There are four basic steps to True Wealth Transformation:
1. Need to set aside twelve months worth of net after tax monthly income to cover unexpected expenses. (Car expenses, unpaid illness, etc.) Paying cash will become a habit as all personal finance decisions are based on good habits.
2. Payoff any non-preferred debt. (Non-preferred debt is debt that is not tax deductible or has a >0% interest rate.)
3. Quick access is needed to liquid funds for both the good and the bad…
Examples of Good: a. Real estate opportunities
b. Investment opportunities
Examples of Bad: a. Job Loss (unexpected long term)
b. Disability
4. Set-up a strategy to pay your home off.
A fifth step that is usually an excellent idea is:
5. Meet with a Certified Financial Planner to set up a sensible plan.Focus on cash flow. Make sure that if you decide to quit working completely you have enough cash flow to cover all your monthly expenses.

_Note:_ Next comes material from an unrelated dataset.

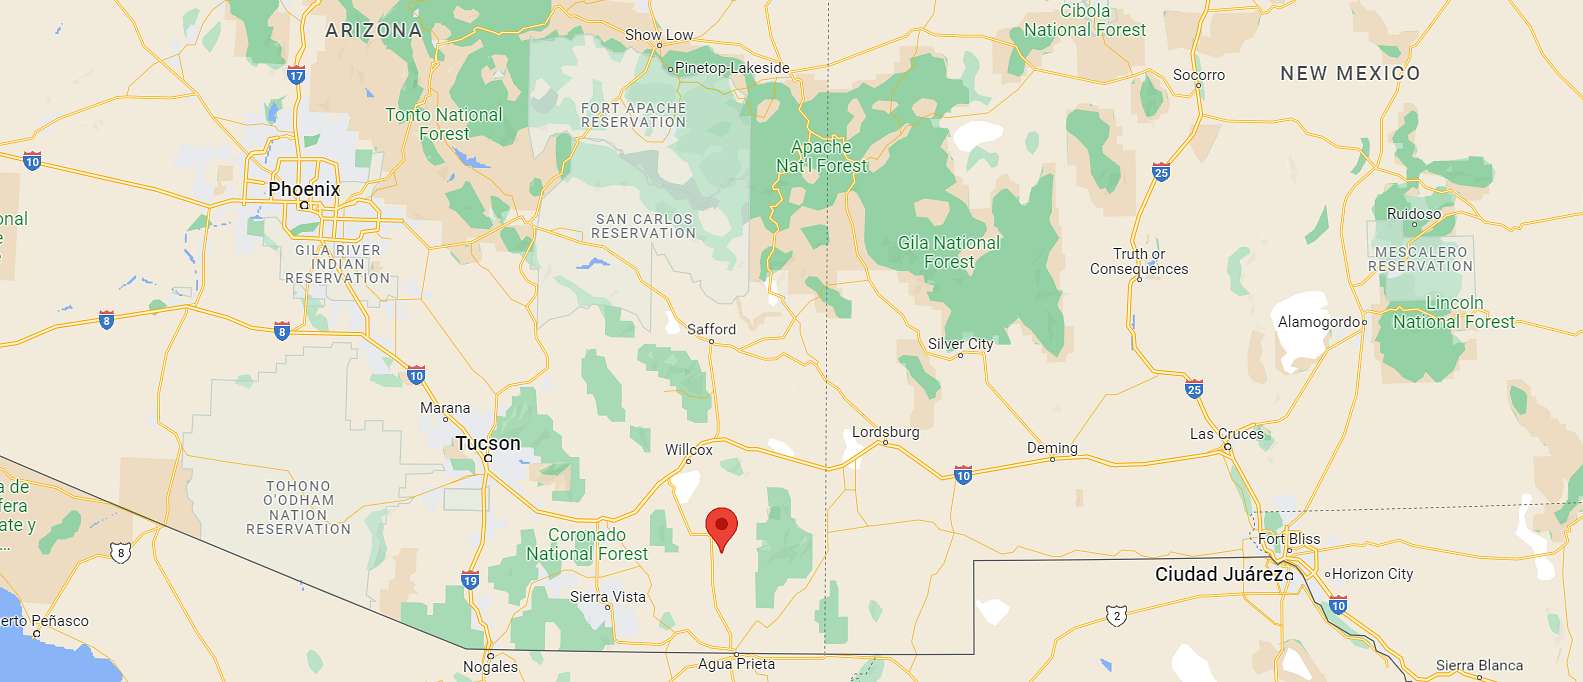 2.6 Acres of Residential Land for Sale in Elfrida, Arizona

Step 2: After paying off non-preferred debt (using equity), use the difference between your total old payments and your new payment to set aside in investment vehicle. This will help in Step 4 of setting up a strategy of paying off your home.
Step 1: This could be a HELOC that you have opened. This way the funds are readily available, no interest is being charged during the good times. (This can also be the source of Step 3 funds)
Step 3: Using a HELOC (as mentioned in Step 1) is one option. Another option is using another investment vehicle that has easy access: Mutual Funds, Investment Grade Insurance, and Annuities.